A3C uses a ‘forward-view’ and n-step updates. Forward view means that the algorithm selects actions using its exploration policy for up to tmaxsteps in the future. The agent will then receive up to tmax rewards from the environment since its last update. The policy and value functions are then updated for each state-action pair and associated reward over the tmaxsteps. For each update, the algorithm use “the longest possible n-step return.” In other words, the update includes all steps up to and including the step we are currently performing the update for: a 2-step update for the second state-action, reward pair, a 3-step update for the third , and so on.
Here’s the pseudo-code for the algorithm, taken from the supplementary materials:
(V is a function that determines the value of some state s under policy π.)

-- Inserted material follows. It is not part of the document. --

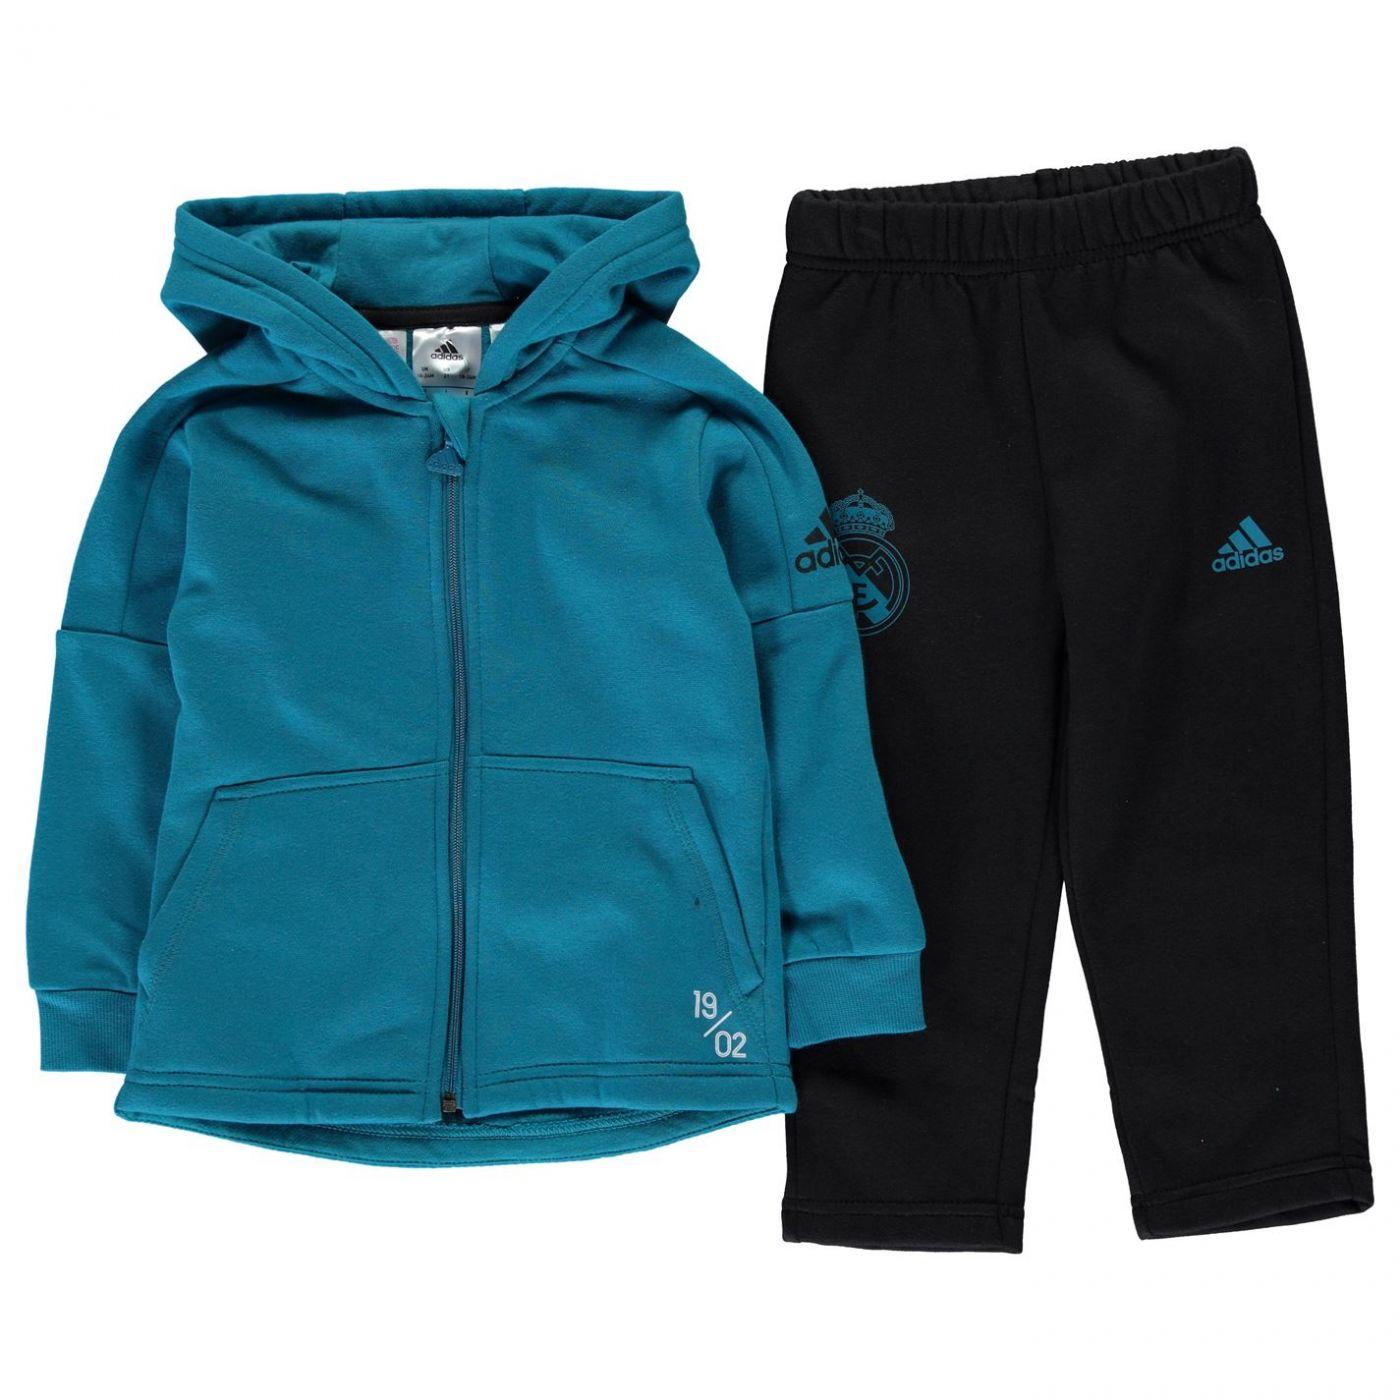 518b4b1668e58 adidas Real Madrid Jog Set Infant Boys - FACTCOOL

We typically use a convolutional neural network that has one softmax output for the policy π(at|st;θ) and one linear output for the value function _V(st;θv), with all non-output layers shared.
Experiments
If you watch some of the videos I linked earlier you can see how well A3C learns to perform a variety of tasks. Playing Atari games has been well covered before. The TORCS car racing simulator is more challenging:
TORCS not only has more realistic graphics than Atari 2600 games, but also requires the agent to learn the dynamics of the car it is controlling…. A3C reached between roughly 75% and 90% of the score obtained by a human tester on all four game configurations in about 12 hours of training.
The Mujoco physics engine simulations required a reinforcement learning approach adapted to continuous actions, which A3C was able to do. It was tested on a number of manipulation and locomotion tasks, and found good solutions in less than 24 hours, and often just a few hours.

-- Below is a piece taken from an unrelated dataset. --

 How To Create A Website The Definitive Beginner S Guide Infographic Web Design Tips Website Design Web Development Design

The final experiments used A3C on a new 3D maze environment called Labyrinth:
This task is much more challenging than the TORCS driving domain because the agent is faced with a new maze in each episode and must learn a general strategy for exploring random mazes… The final average score indicates that the agent learned a reasonable strategy for exploring random 3D mazes using only a visual input.
Closing thoughts
We’ve seen a number of papers showing how various machine learning tasks can be made more efficient in terms of elapsed training time by exploiting asynchronous parallel workers, as well as more efficient algorithms. There’s another kind of efficiency that’s equally important though: data efficiency, a concept that was much discussed at the recent London Deep Learning Summit. Data efficiency refers to the amount of data that an algorithm needs to achieve a given level of performance. Breakthroughs in data efficiency could have an even bigger impact than breakthroughs in computational efficiency.
And on the topic of computers learning to play games, since Go has now fallen, when will we see a reinforcement learning system beat the (human) champions in esports games too? That would make a great theatre for a battle.